Some of the banned writers still tried to find ways to share their work with an audience even when it could not be legally published or performed. Sometimes their manuscripts were circulated by readers who would type out additional copies by hand and then secretly pass them along to other people. This was referred to as “samizdat,” a Russian word meaning “self-publishing”. Plays by banned writers were occasionally even performed in private homes or other out-of the-way locations; for instance, one

  • f Havel’s plays, The Beggar’s Opera, was performed this way in 1975. The work of the secret police

made these kinds of activities very dangerous, and there could be serious consequences for people who were caught participating in them, including arrest and harsh police interrogations.
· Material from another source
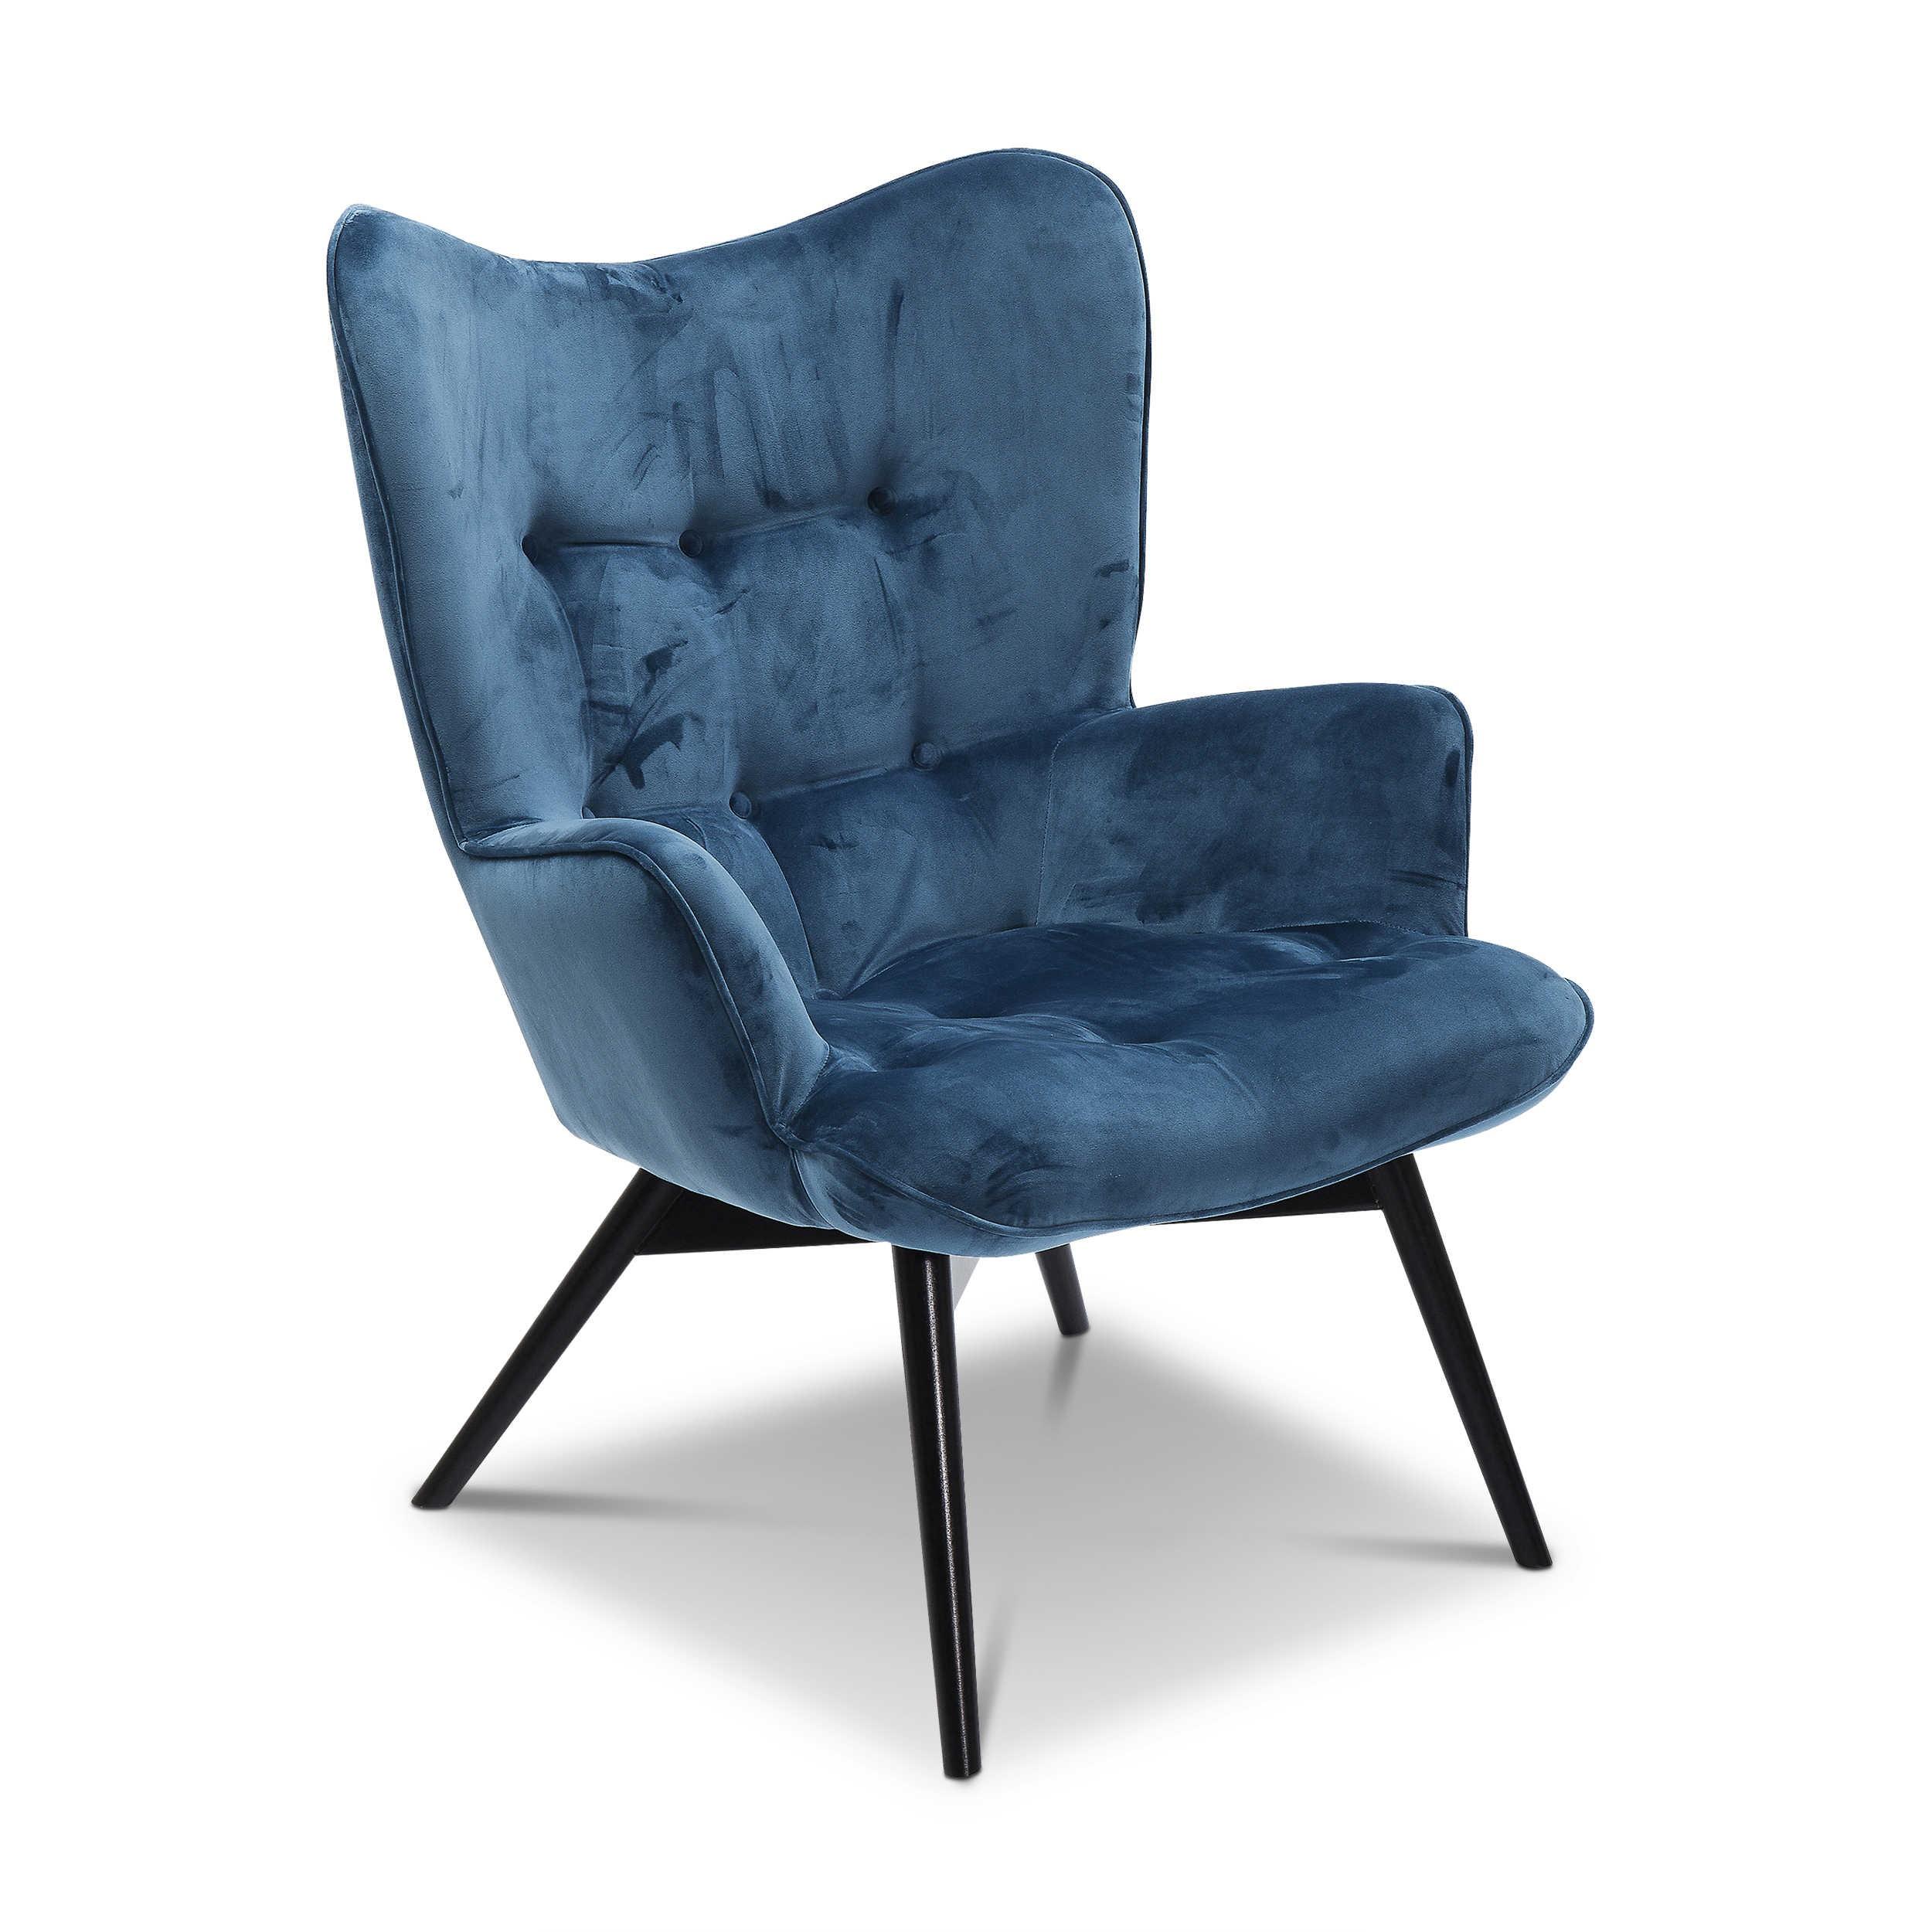 KARE Sessel Vicky Blau Stoff online kaufen bei WOONIO

However, it was not only writers and intellectuals who suffered from the regime’s censorship of the arts. Musicians were also restricted from playing styles of music that were not officially approved. This was particularly true of rock music, which the regime associated with what it viewed as the decadent capitalist West. Czechoslovak musicians and youth culture in general had been significantly influenced by Western popular culture during the Prague Spring period, when Czechoslovak citizens were free to enjoy the music of groups such as the Beatles, the Doors, the Beach Boys, and many others and to form their own bands to play similar types of music. Under normalization, though, musicians were forbidden to perform professionally without a license, which could be revoked if the government did not approve of their music. One such unlicensed group was the Plastic People of the Universe, a rock band that formed shortly after the Soviet invasion. The members of the Plastic People were strongly influenced by Western rock groups, and especially by the Velvet Underground, an American band that coincidentally happened to be managed by a son of immigrants from Eastern Slovakia who had grown up in Pittsburgh, who, as you probably know, was named Andy Warhol. The Western influences on the Plastic People were also evident from the title of an album they recorded in 1974, which was called Egon Bondy’s Happy Hearts Club Banned (with “banned” spelled b-a-n-n-e-d), clearly a takeoff on the Beatles’ famous Sgt. Pepper album. Also, the group’s unusual name was taken from a Frank Zappa song.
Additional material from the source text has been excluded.